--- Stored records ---
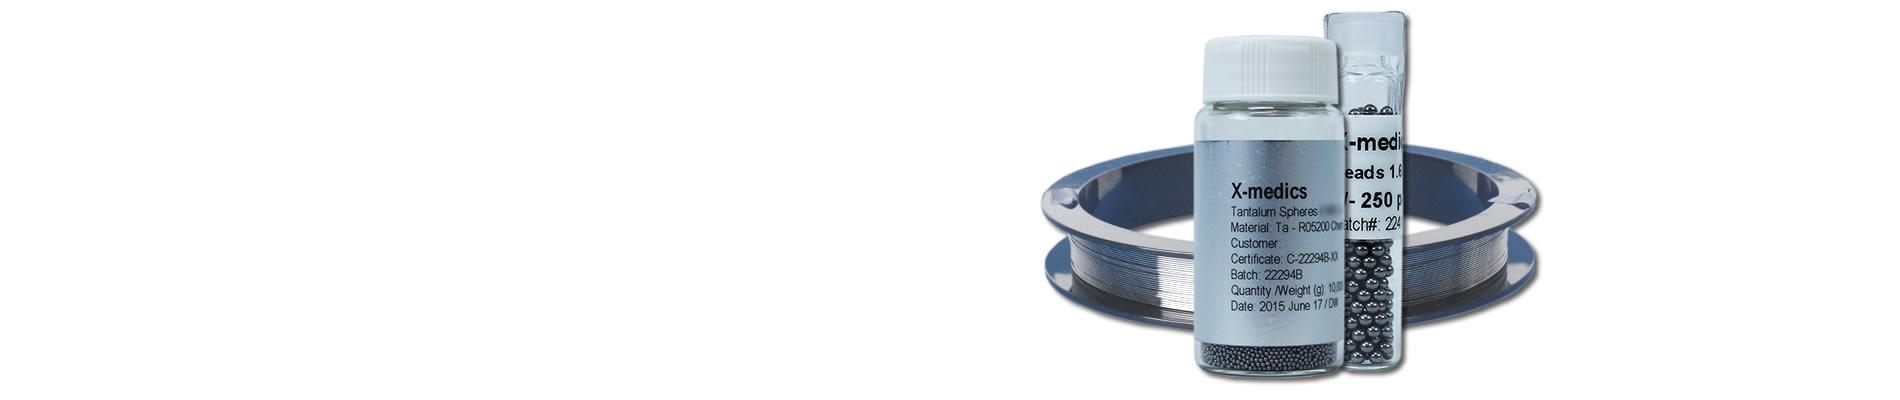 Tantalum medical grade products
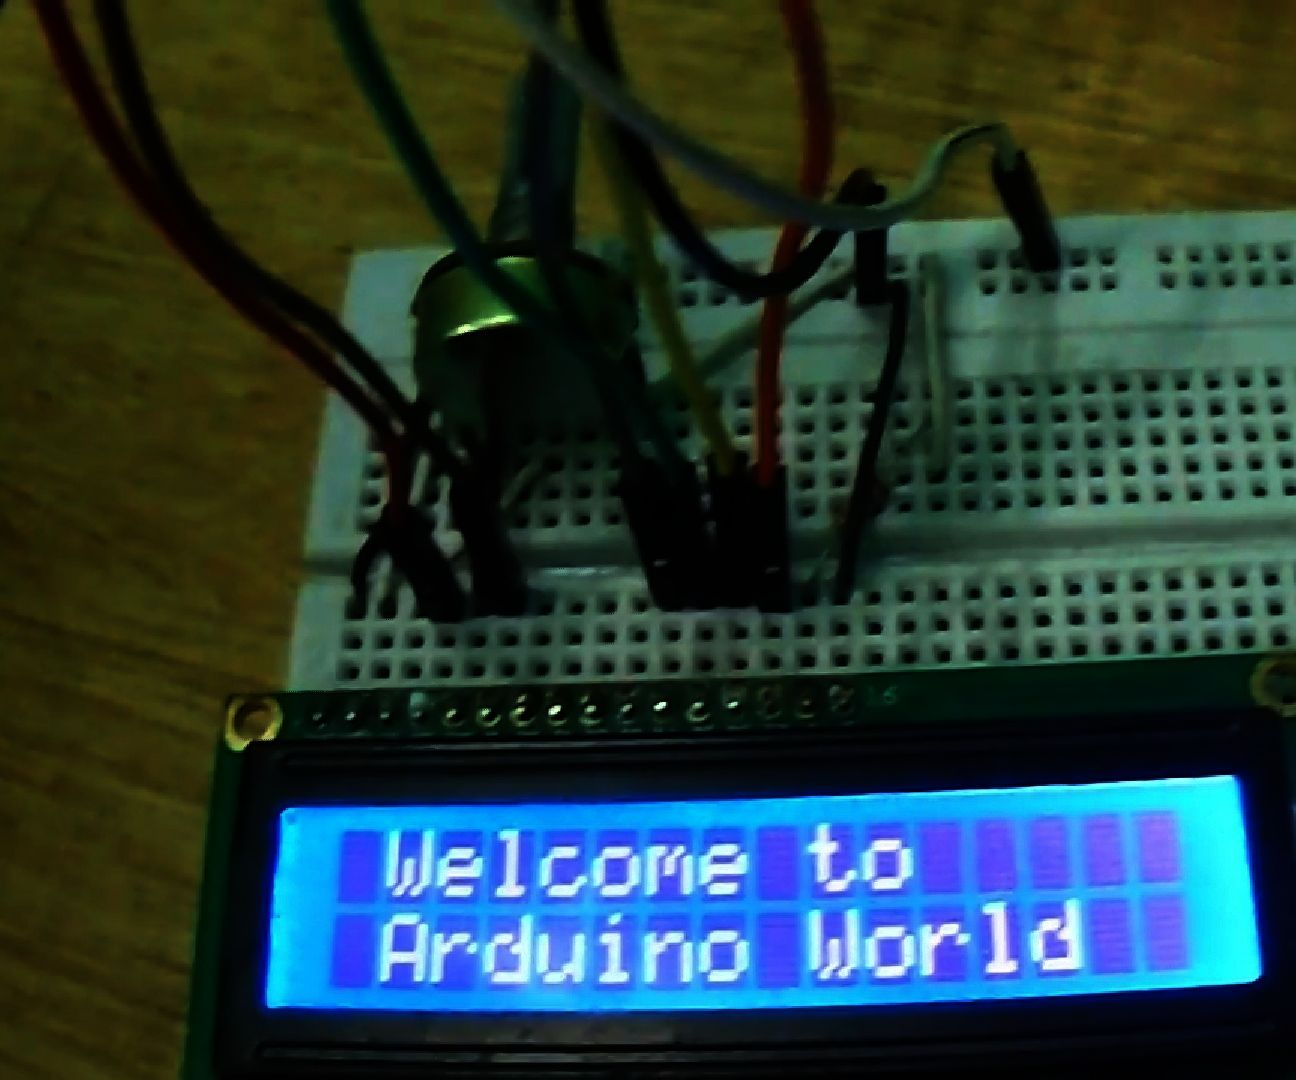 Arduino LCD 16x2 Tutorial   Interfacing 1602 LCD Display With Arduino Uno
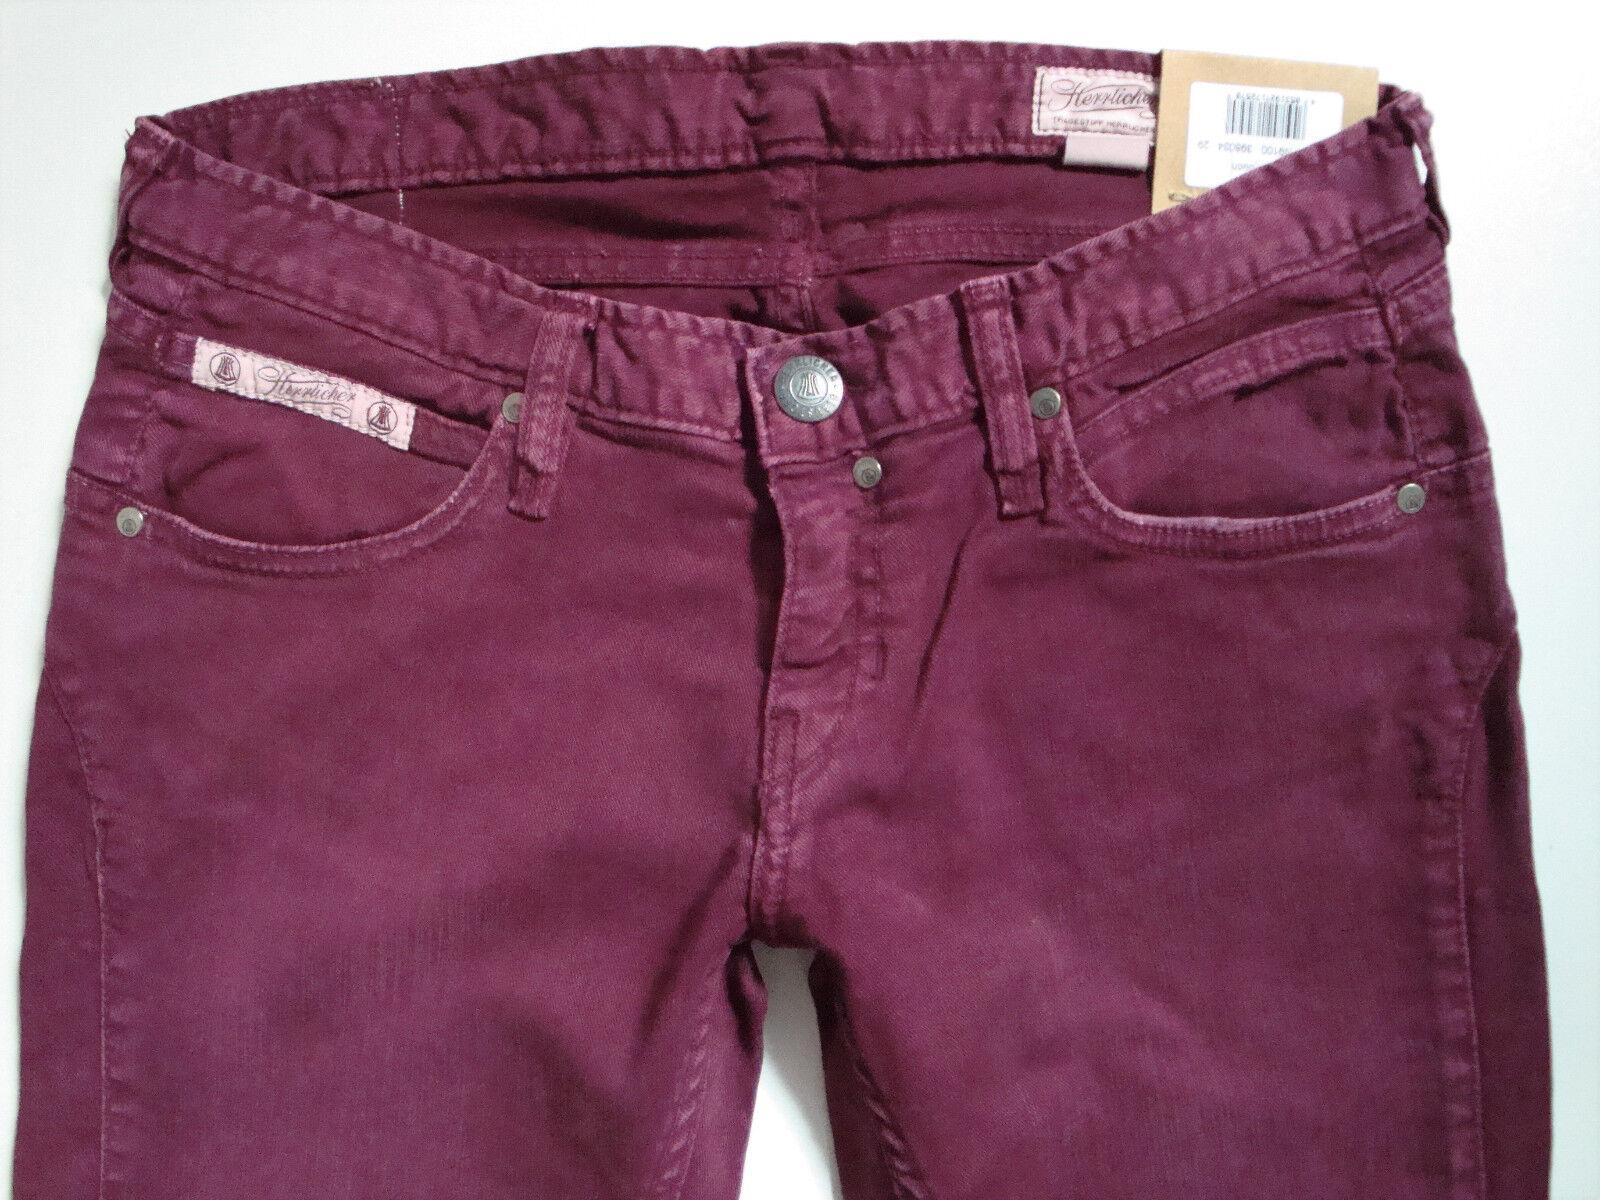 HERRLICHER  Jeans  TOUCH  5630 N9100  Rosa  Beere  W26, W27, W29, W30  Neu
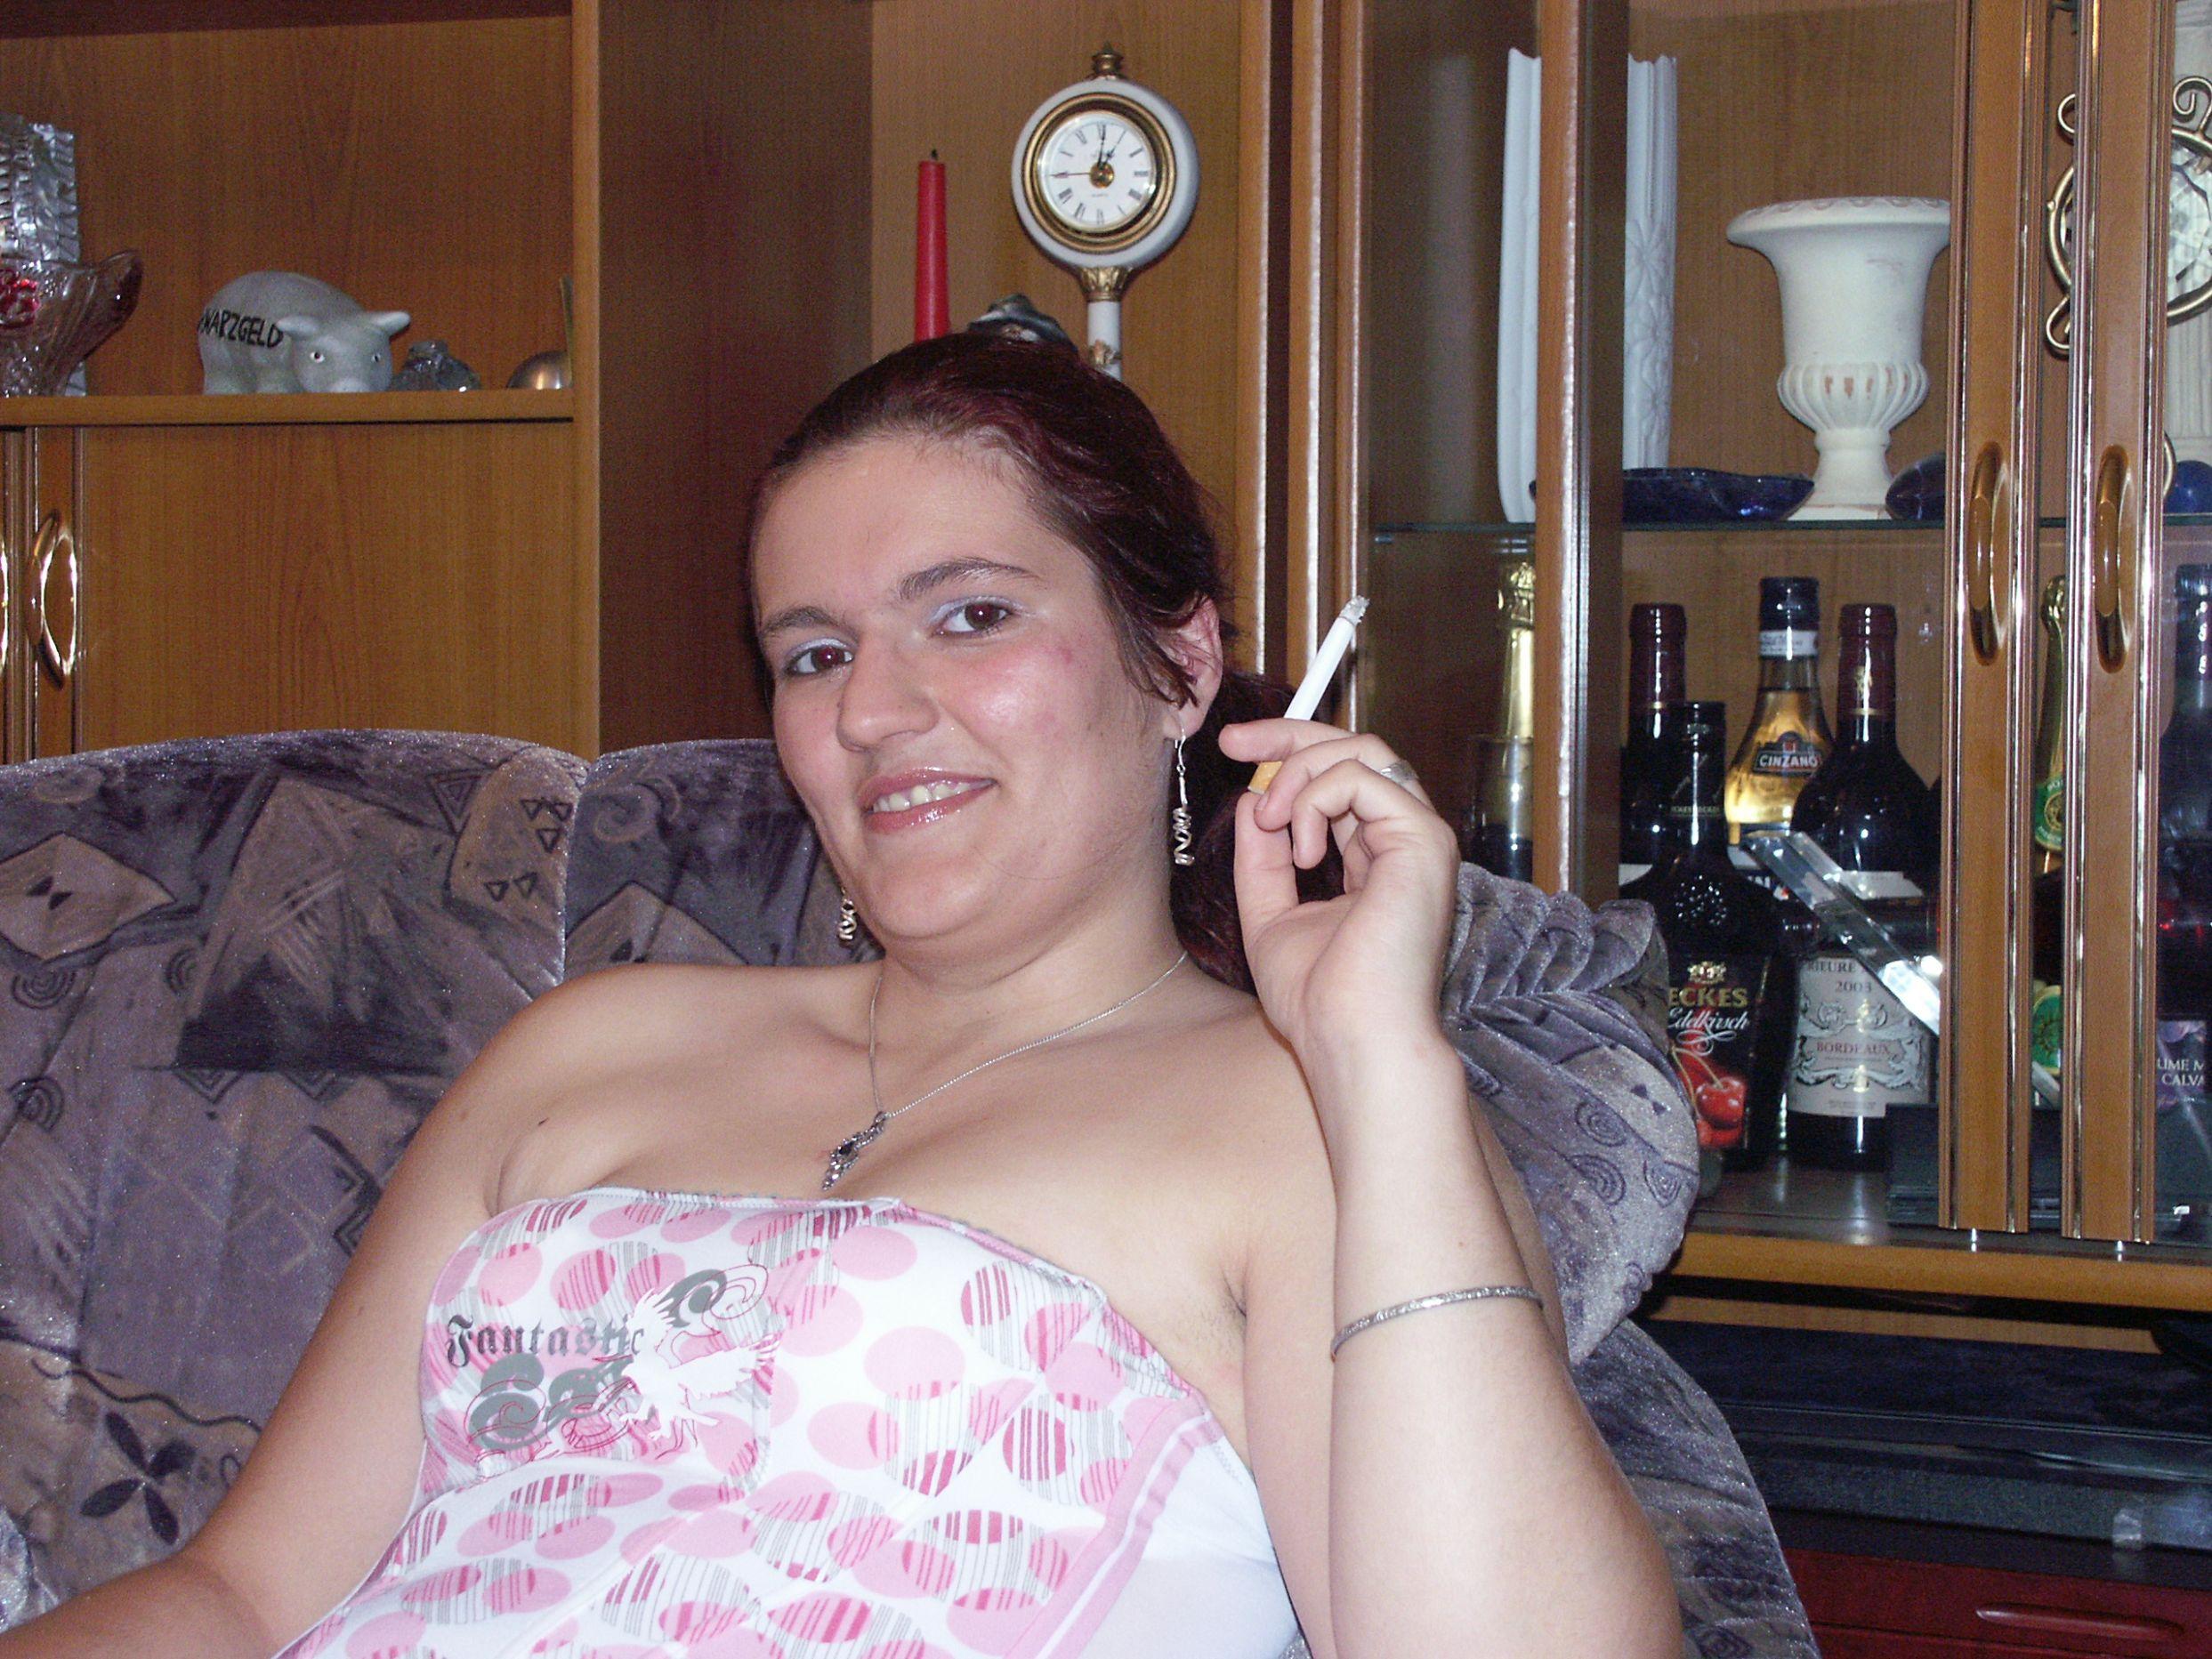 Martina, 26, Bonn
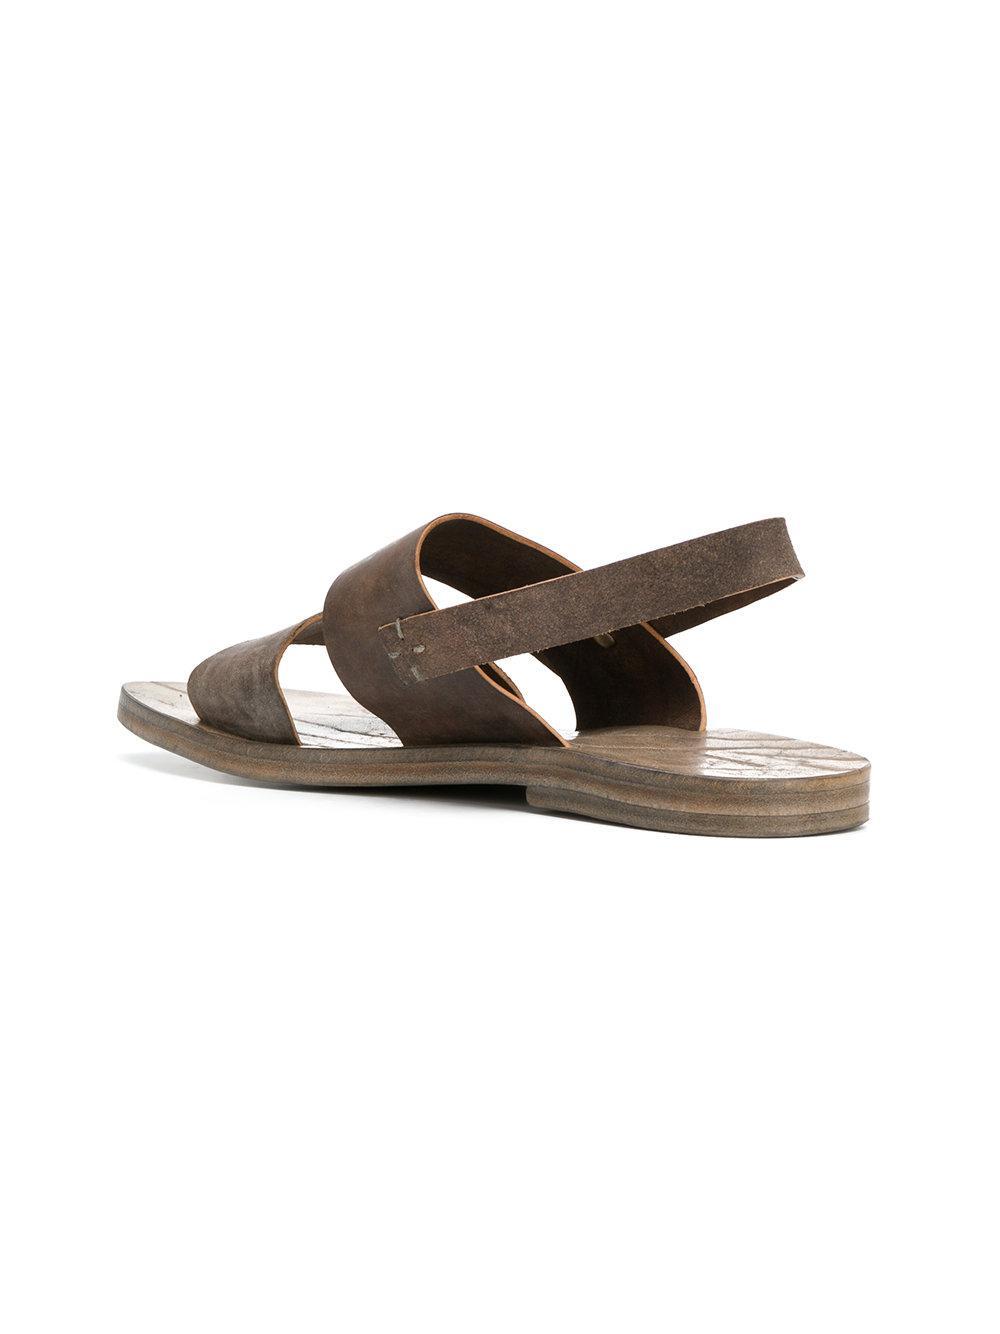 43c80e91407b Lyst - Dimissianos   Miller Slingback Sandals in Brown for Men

--- INSTRUCTIONS TO FOLLOW ---
Apart from the images, the entries above must be returned without alteration.

--- WRITTEN SOLUTION ---
 Tantalum medical grade products
 Arduino LCD 16x2 Tutorial   Interfacing 1602 LCD Display With Arduino Uno
 HERRLICHER  Jeans  TOUCH  5630 N9100  Rosa  Beere  W26, W27, W29, W30  Neu
 Martina, 26, Bonn
 43c80e91407b Lyst - Dimissianos   Miller Slingback Sandals in Brown for Men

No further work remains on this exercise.